Oliver appears a bit confused about history herself. If it took "legislative action" to address the problem, isn't that closer to a solution by referendum than by violence? Perhaps what she's thinking is that the legislative action never would have happened if it hadn't been spurred by violence. Christie's opposing suggestion is that putting the issue to a popular vote early on might have removed the need for the violence. It's never easy to know when people must burst out of the system into personal rebellion or even violence in order to protect their essential freedoms, as our host so often suggests is our duty. Oliver sounds like a woman who needs to think about that dilemma more carefully.
My guess is that Oliver really is trying to argue that legislative action sometimes has to be imposed from outside the local jurisdiction, because the local majority can't be trusted to vote for justice for an oppressed minority. Or she may be suggesting that legislators are wiser than the unwashed public that elects them. If she were sorting through her issues more thoughtfully, she might even argue that nationwide majorities are not always trustworthy, and therefore legislative solutions must give way to judicial, Constitutional action if proponents of same-sex marriage are to obtain real relief.
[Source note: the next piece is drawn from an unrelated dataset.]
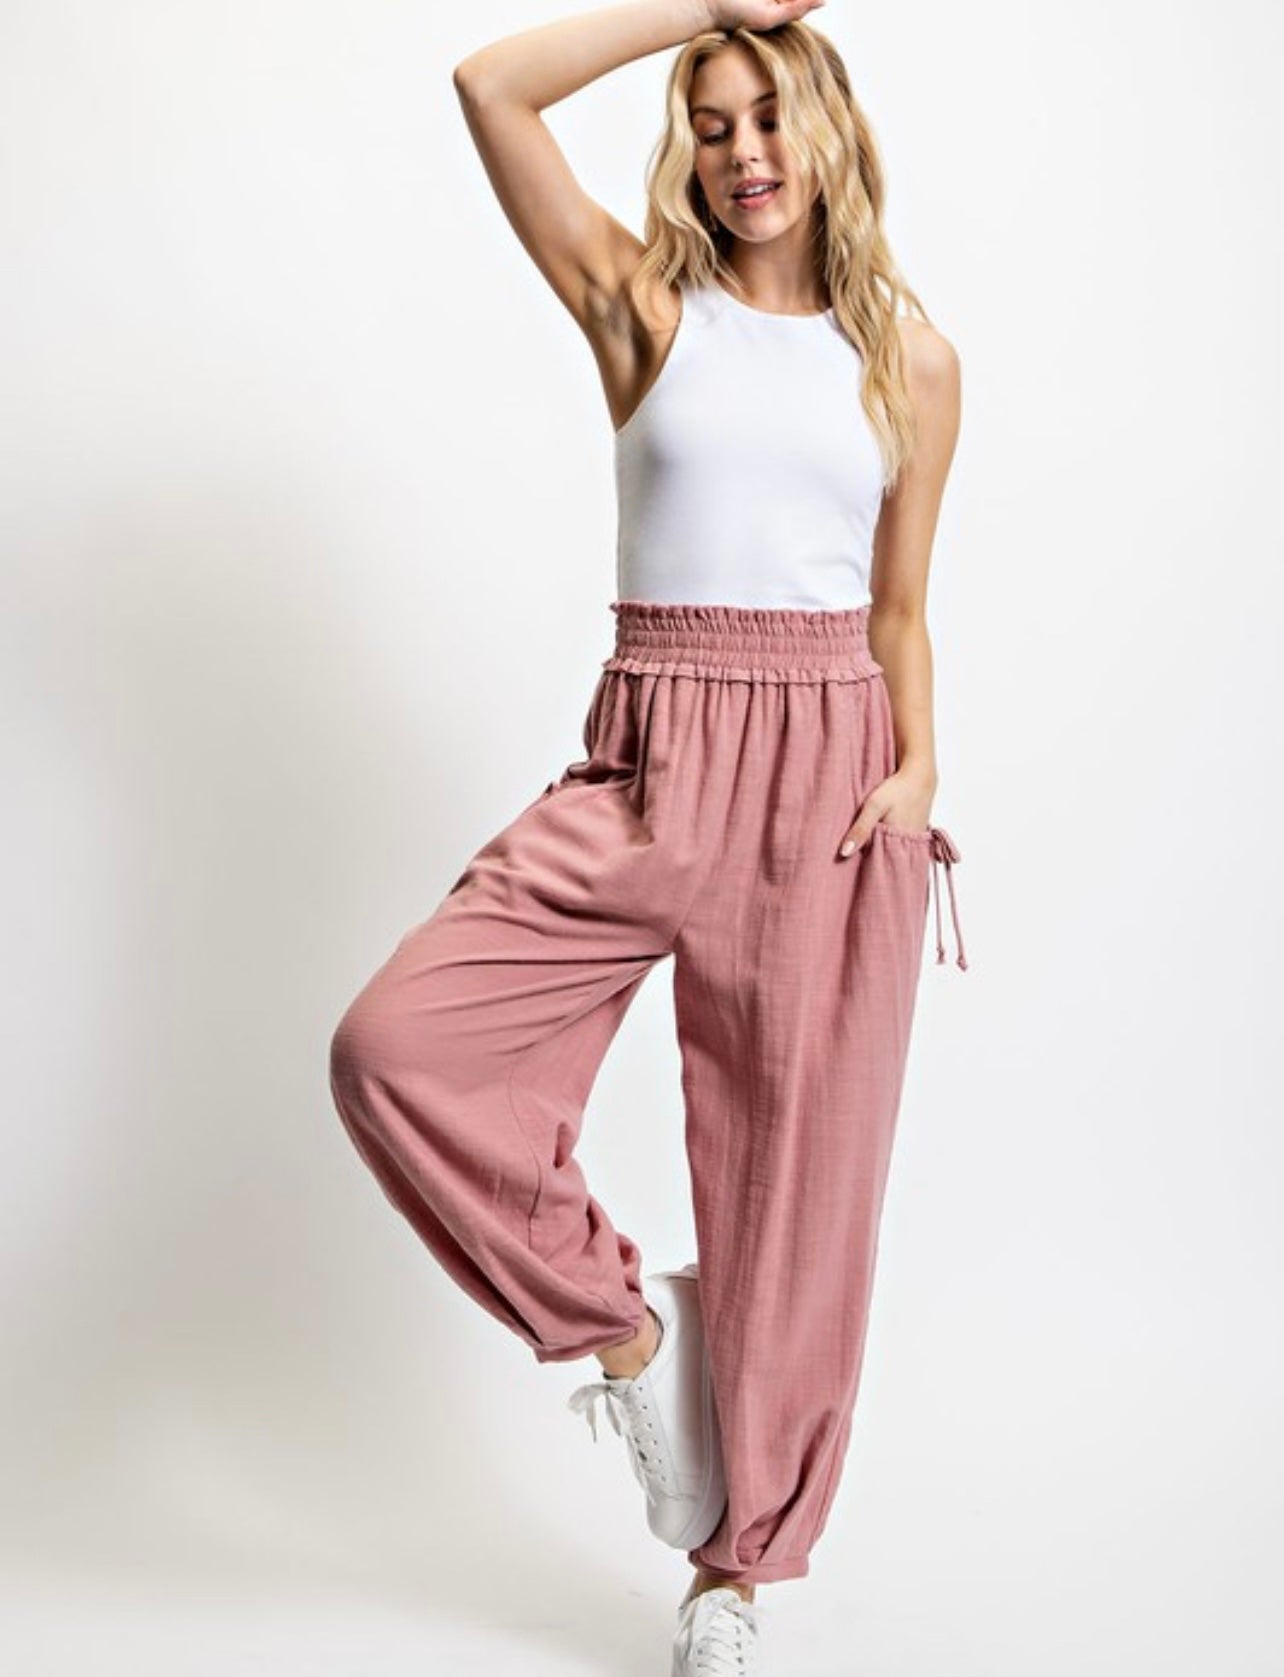 VICTORIA RELAXED FIT PANTS

In the meantime, does Ms. Oliver really want to argue that gays should take up arms rather than work with the system to obtain the rights they believe are due to them?
A second wave of twittering followed Christie's calling a gay lawmaker a "numbnuts," presumably a hate crime. I like this Christie guy, even if at one time he didn't have any more sense than to believe in non-heliocentric cosmic climate metaphysics, or at least to try to take advantage of the tax revenues it might generate for his strapped state.